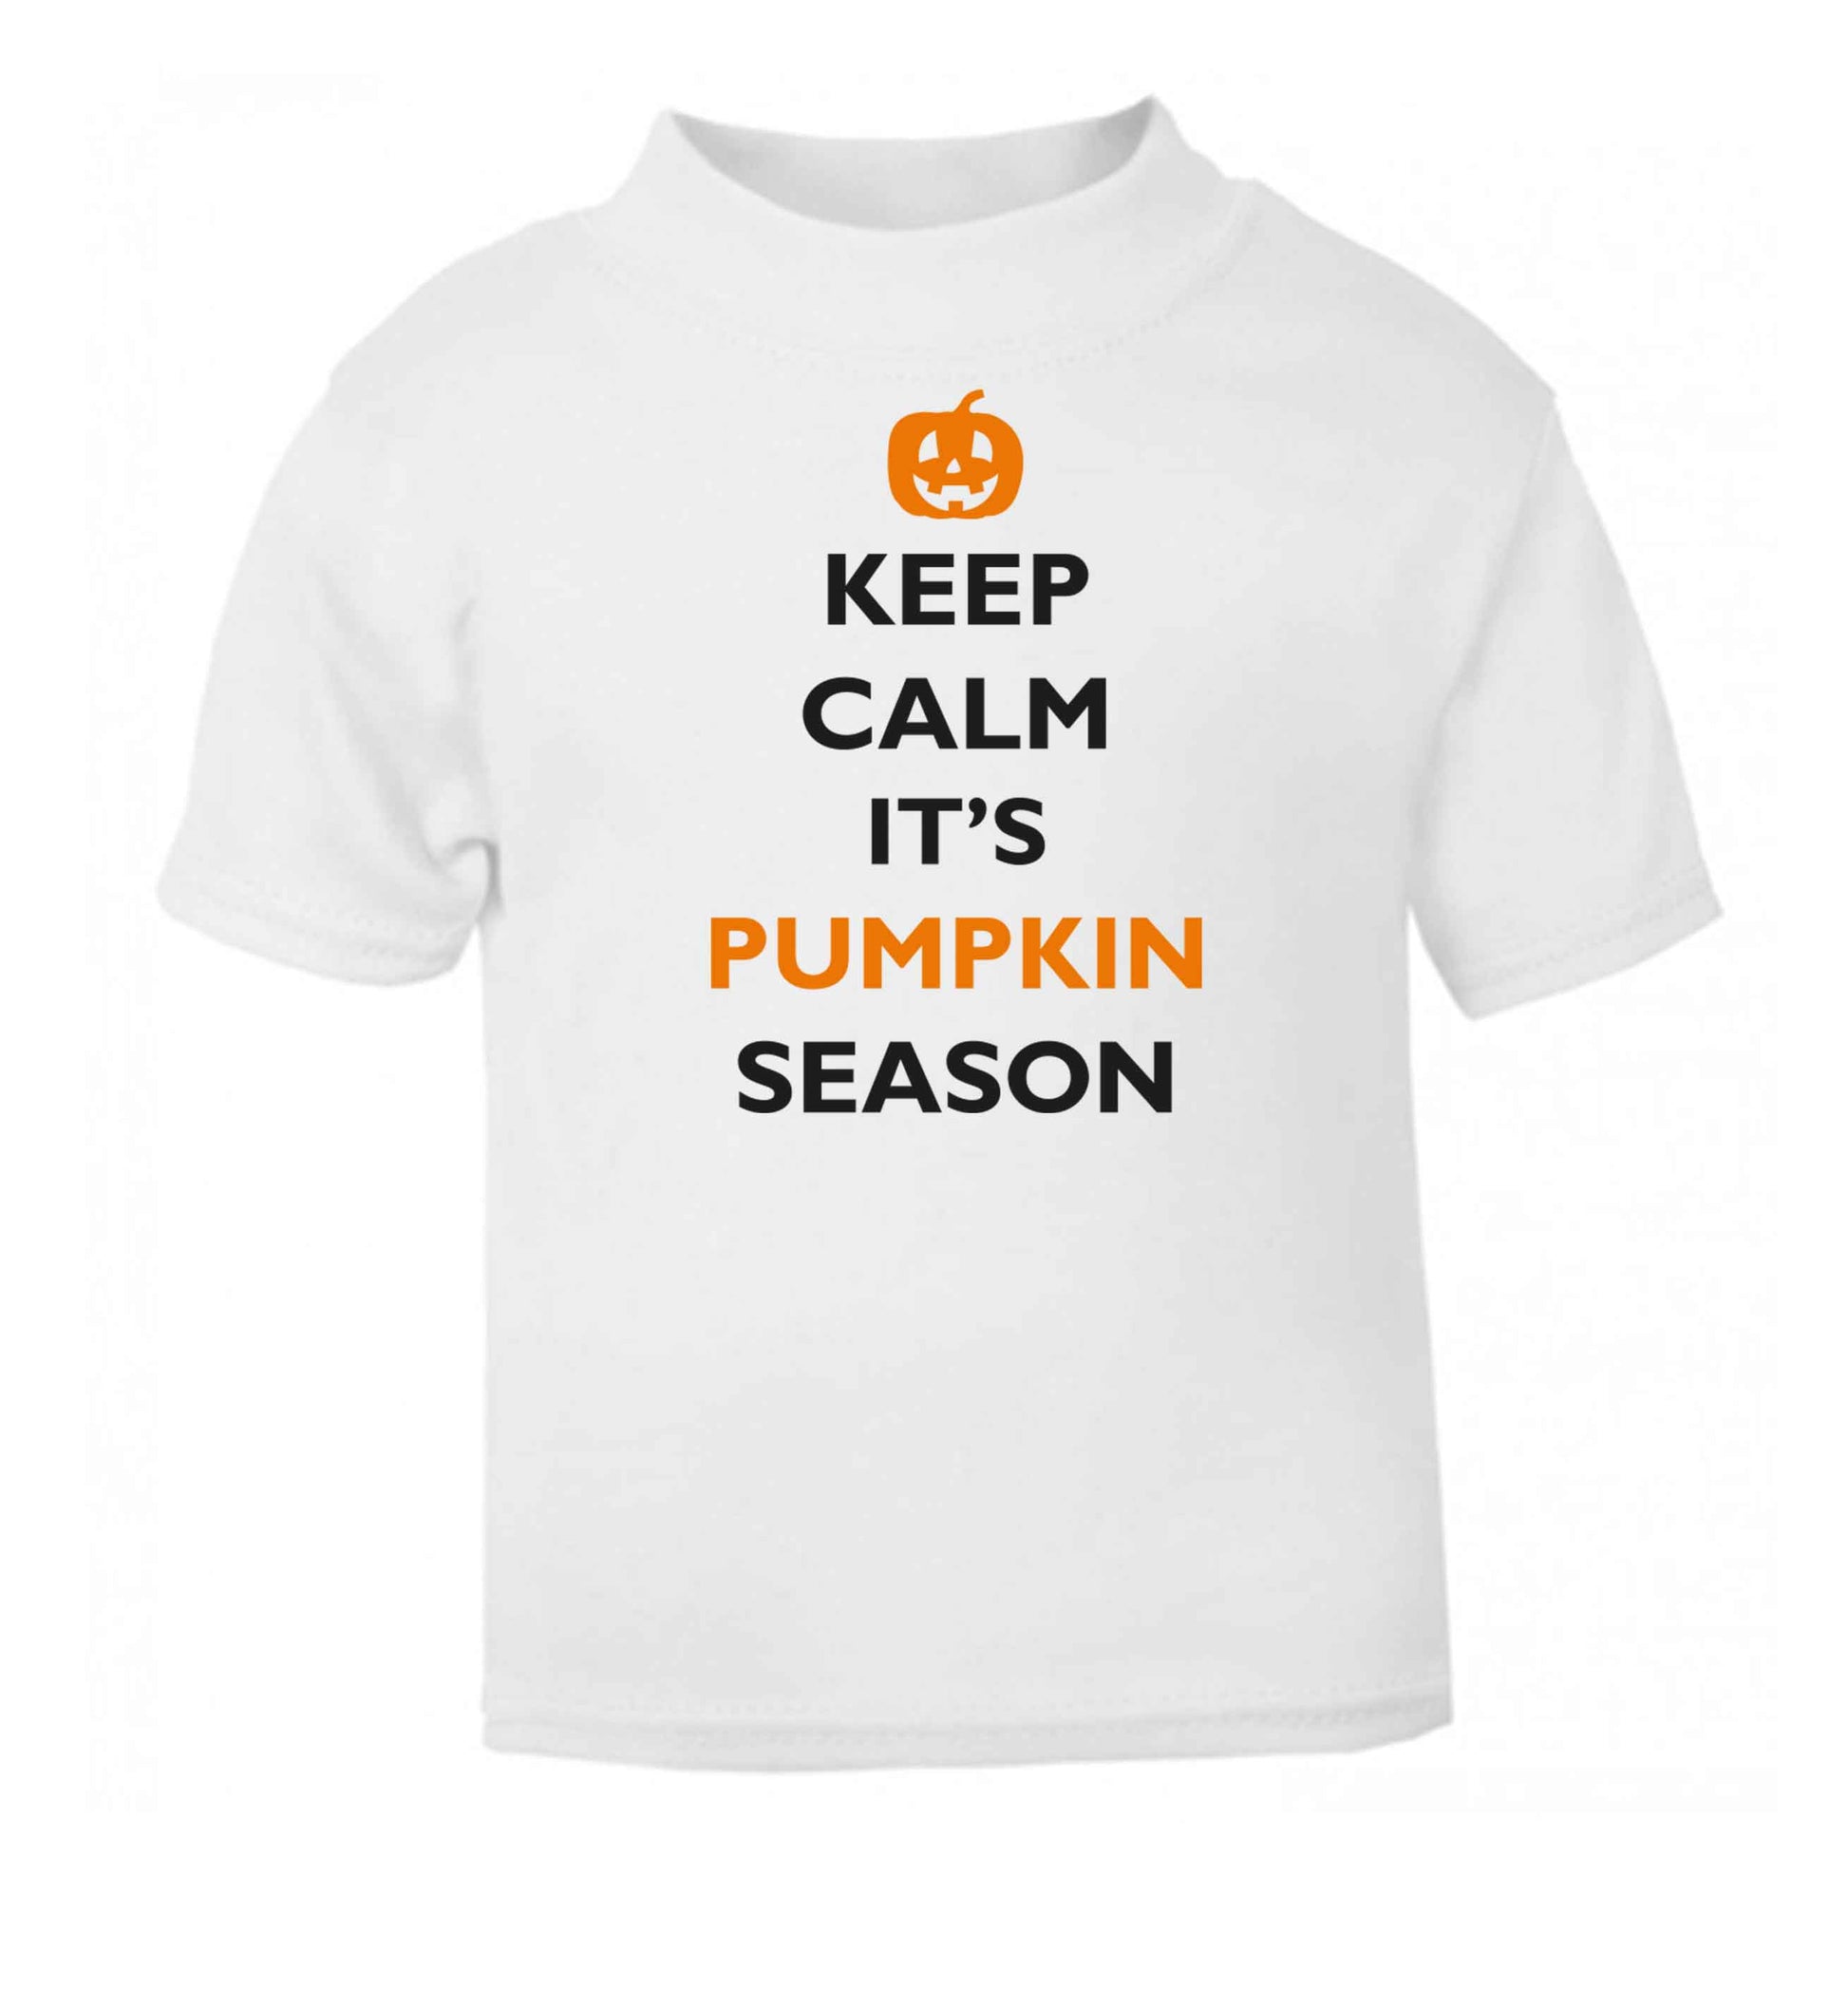 Calm Pumpkin Season white baby toddler Tshirt 2 Years
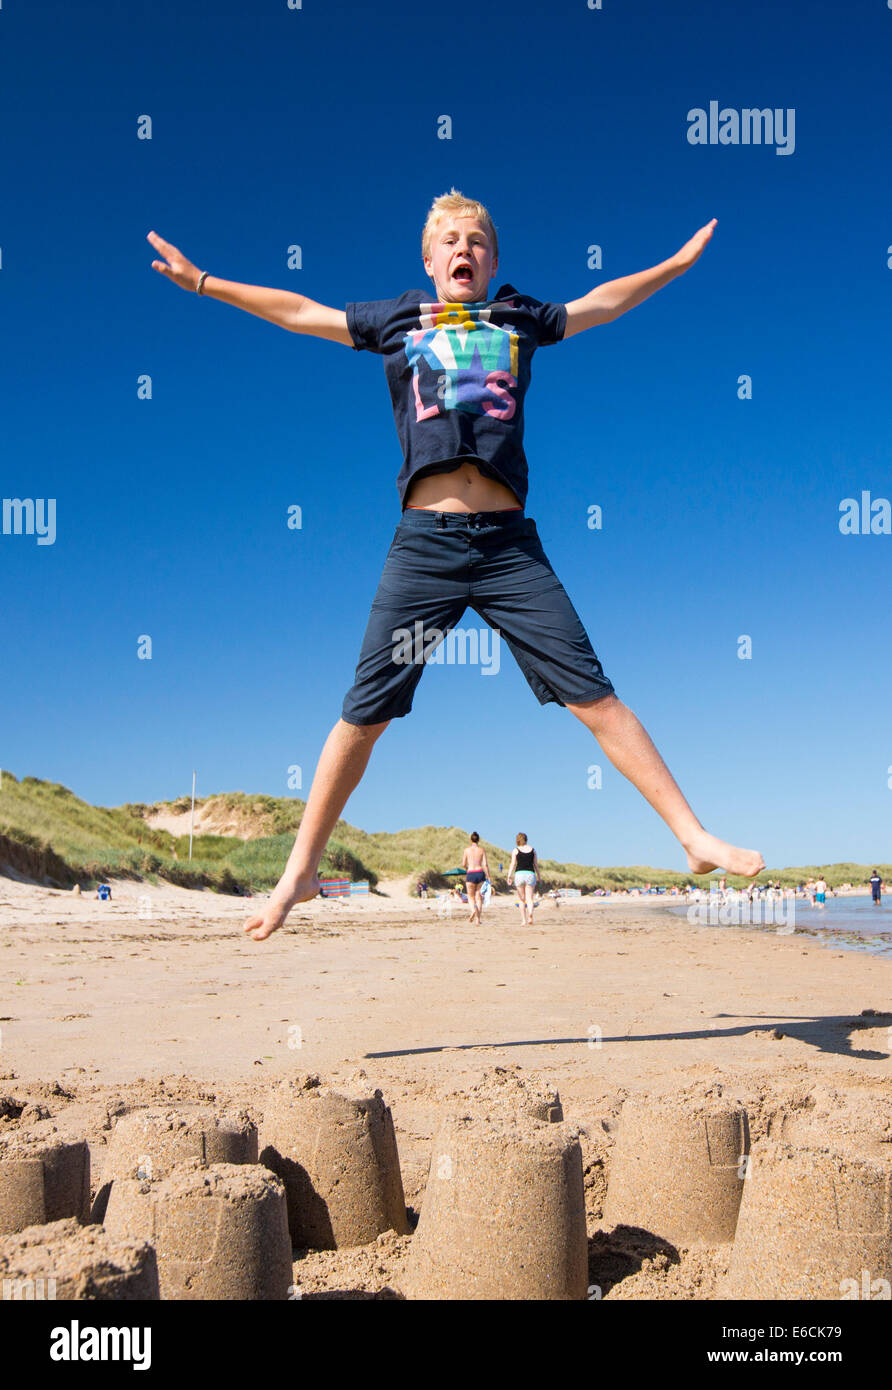 A boy jumping over a sandcastle on Bamburgh Beach, Northumberland, UK. Stock Photo
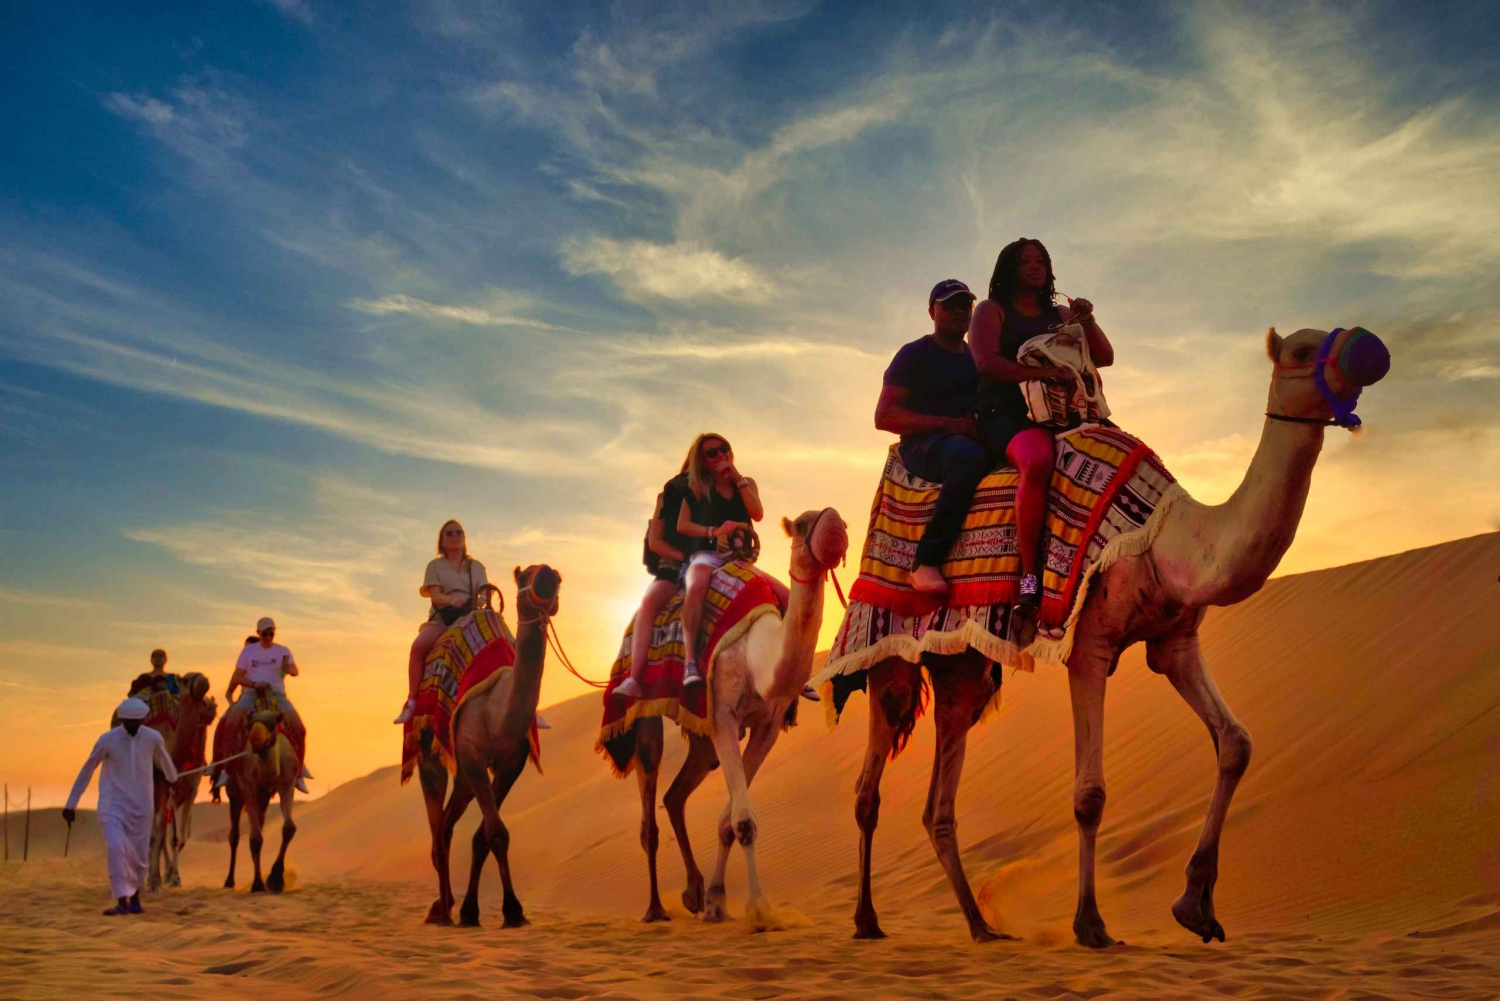 Dubai: Al Khaymassa: Auringonlaskun kamelisafari, tähtitaivaan katselu, grillaus Al Khaymassa
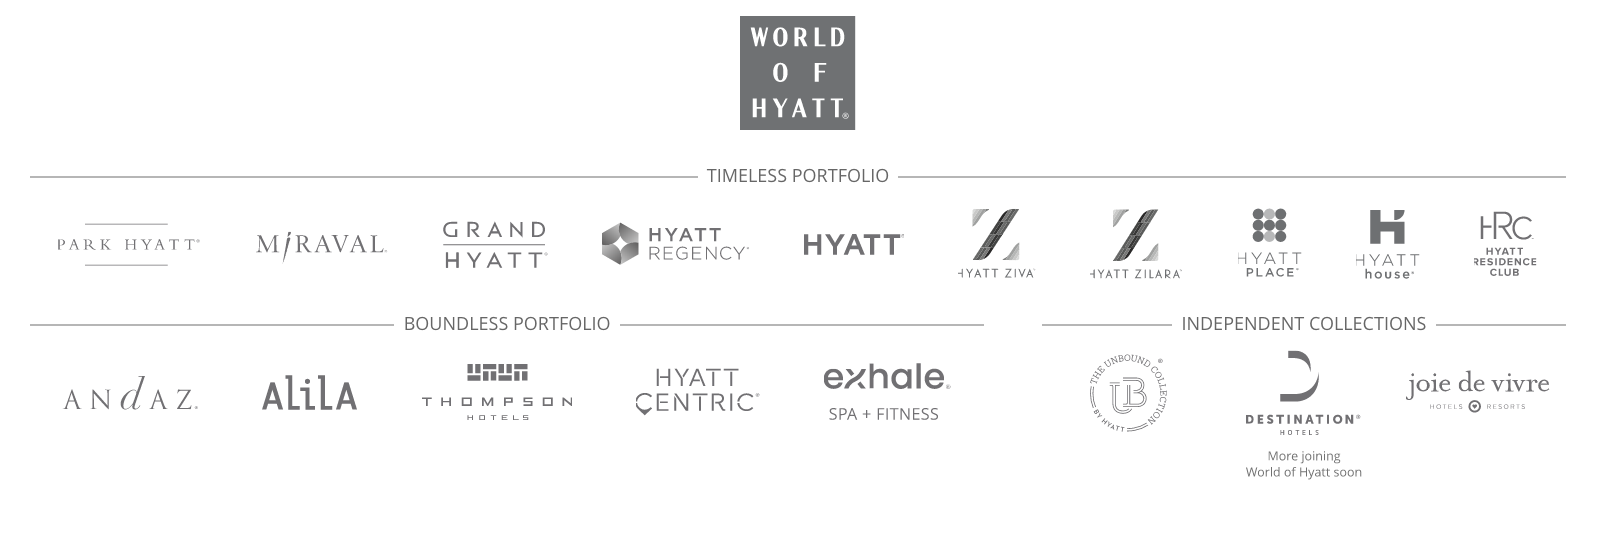 hyatt hotel brands include almost 20 hotels within the hyatt chain

=-=-=-=-=

Work required: Recopy the full listing exactly, passing over any picture.

Answer for the task:
 Calm Pumpkin Season white baby toddler Tshirt 2 Years
 A boy jumping over a sandcastle on Bamburgh Beach, Northumberland, UK. Stock Photo
 Dubai: Al Khaymassa: Auringonlaskun kamelisafari, tähtitaivaan katselu, grillaus Al Khaymassa
 hyatt hotel brands include almost 20 hotels within the hyatt chain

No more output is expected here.